Woodhead Commission (1938)
WOODHEAD COMMISSION (1938)
British investigatory commission to Palestine.
The commission, led by Sir John Woodhead, was formed in March 1938 in response to dissension within the British government over the July 1937 Peel partition plan for Palestine and the re-ignition of the Arab revolt that had followed its promulgation. The new commission was instructed to gather evidence from the various parties and to recommend boundaries for two self-sufficient states, one Arab and one Jewish, to replace the British Mandate.

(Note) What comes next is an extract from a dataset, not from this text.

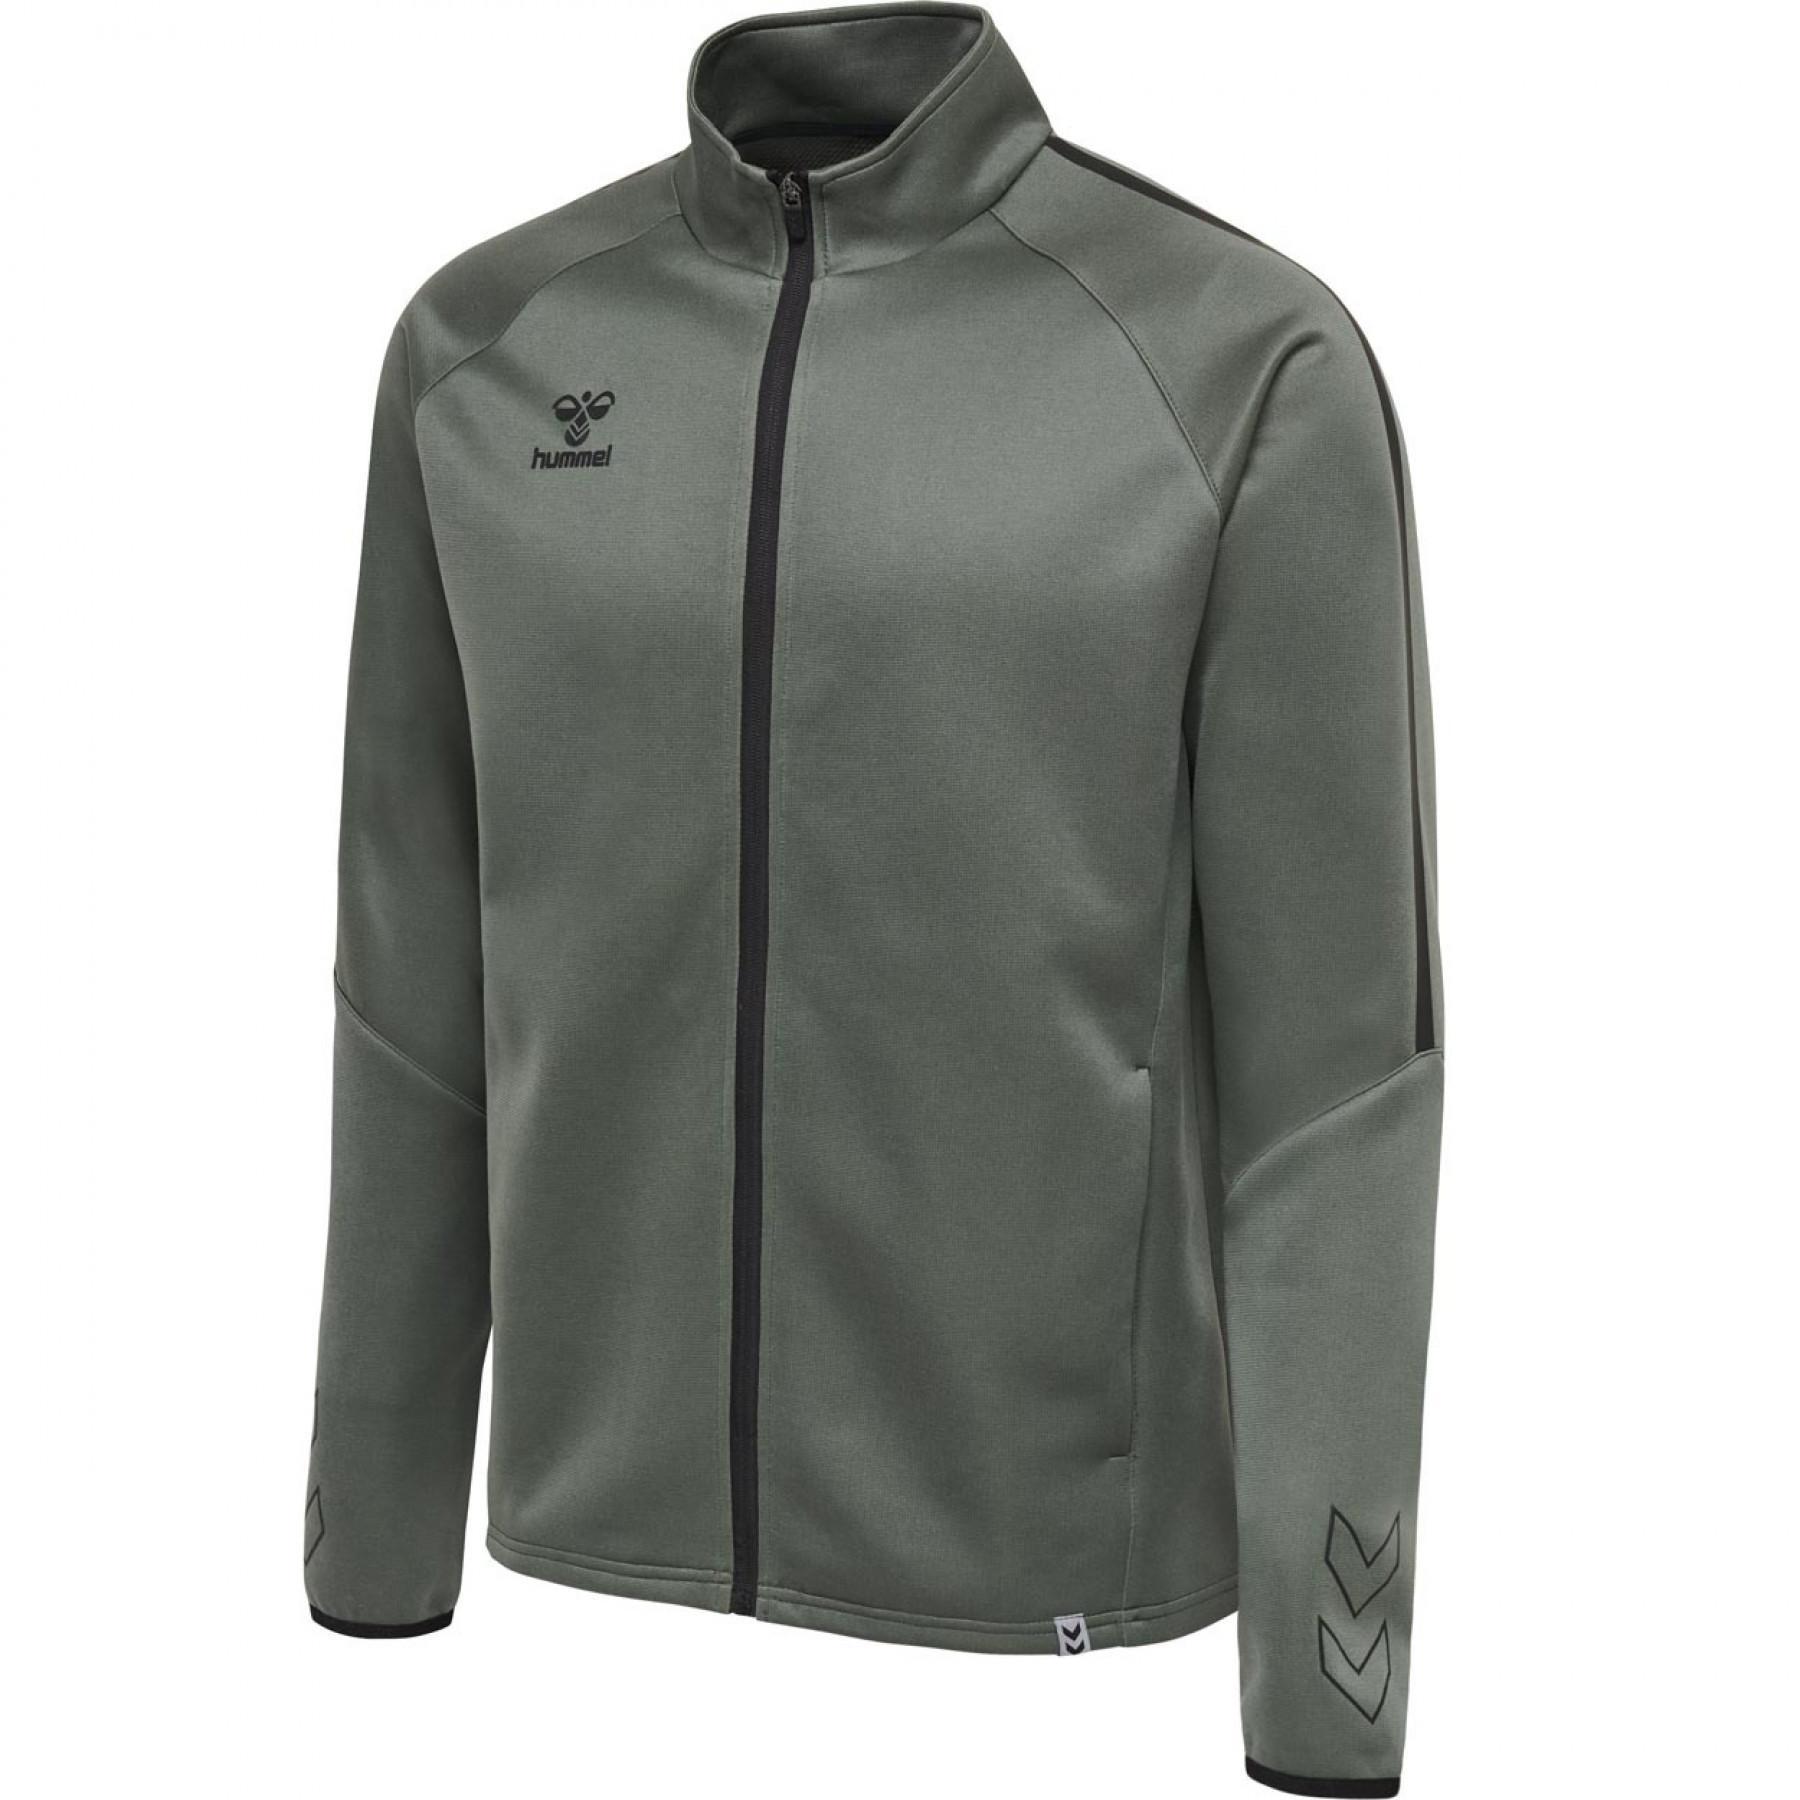 Hummel zip jacket Cima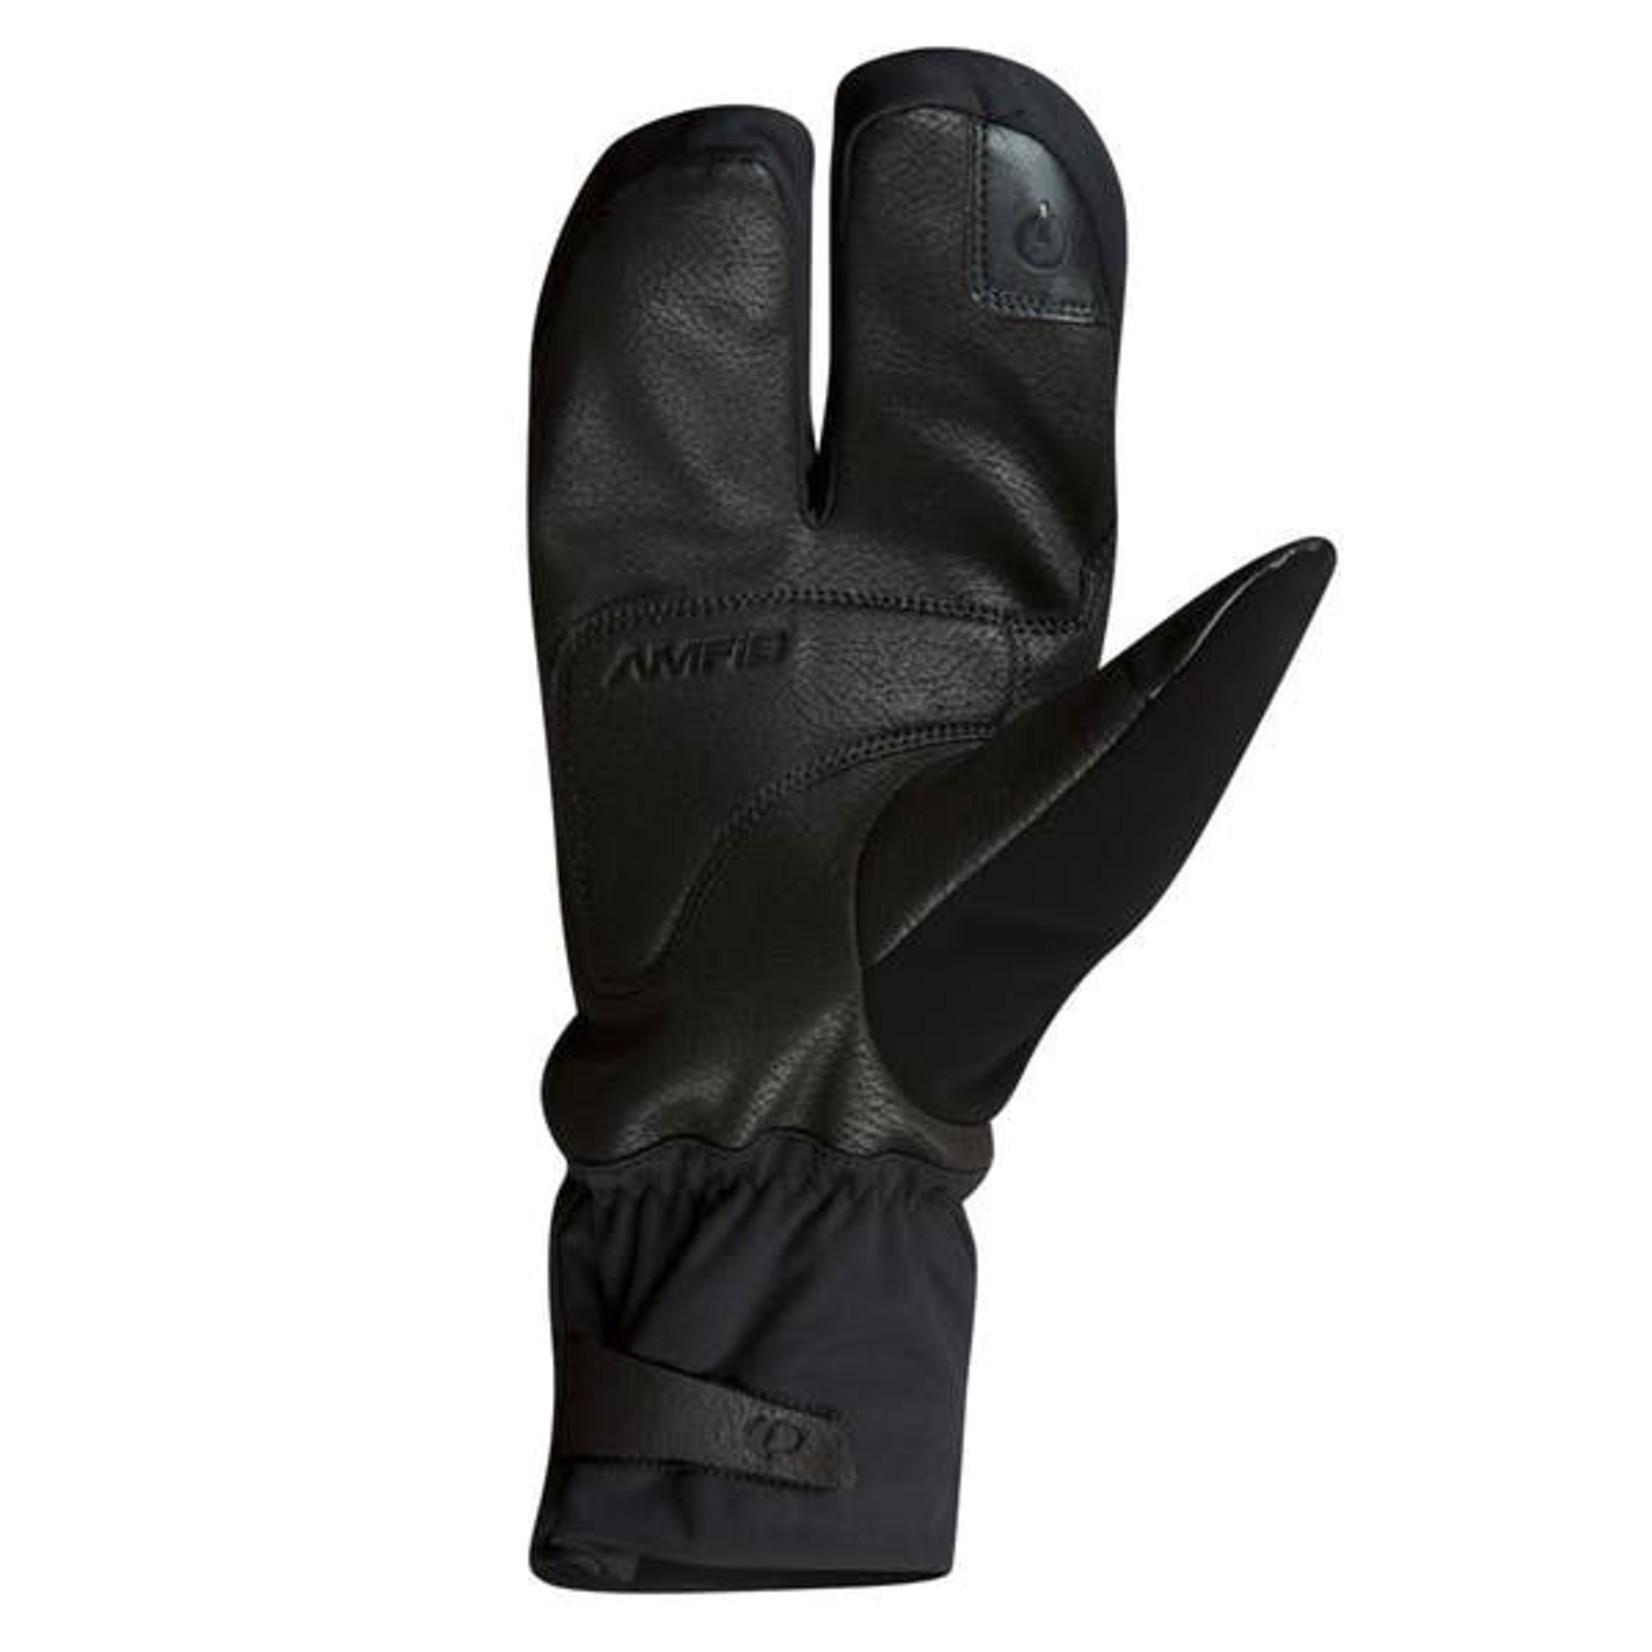 Shimano Pearl Izumi Amfib Lobster Gel Glove

The Arab and Jewish positions were irreconcilable. All Palestinian Arab factions and the surrounding Arab states were unified in their opposition to partition and demanded the creation of an independent Arab state on the entire Mandate territory. The Jewish Agency proposed an increase in the territory designated for the Jewish state by Lord Peel. On 9 November 1938 the Woodhead Commission issued its report, which stated that two independent states would be impracticable on financial and administrative grounds. It called for a conference of all relevant parties in London to work out a compromise. The parties met at the St. James Round Table Conference in February/March 1939, which ended in deadlock. In order to enhance its security and improve its position with Arab states on the eve of war, the government then issued the MacDonald White Paper of 17 May 1939.
Galnoor, Itzhak. The Partition of Palestine: Decision Crossroads in the Zionist Movement. Albany: State University of New York Press, 1995.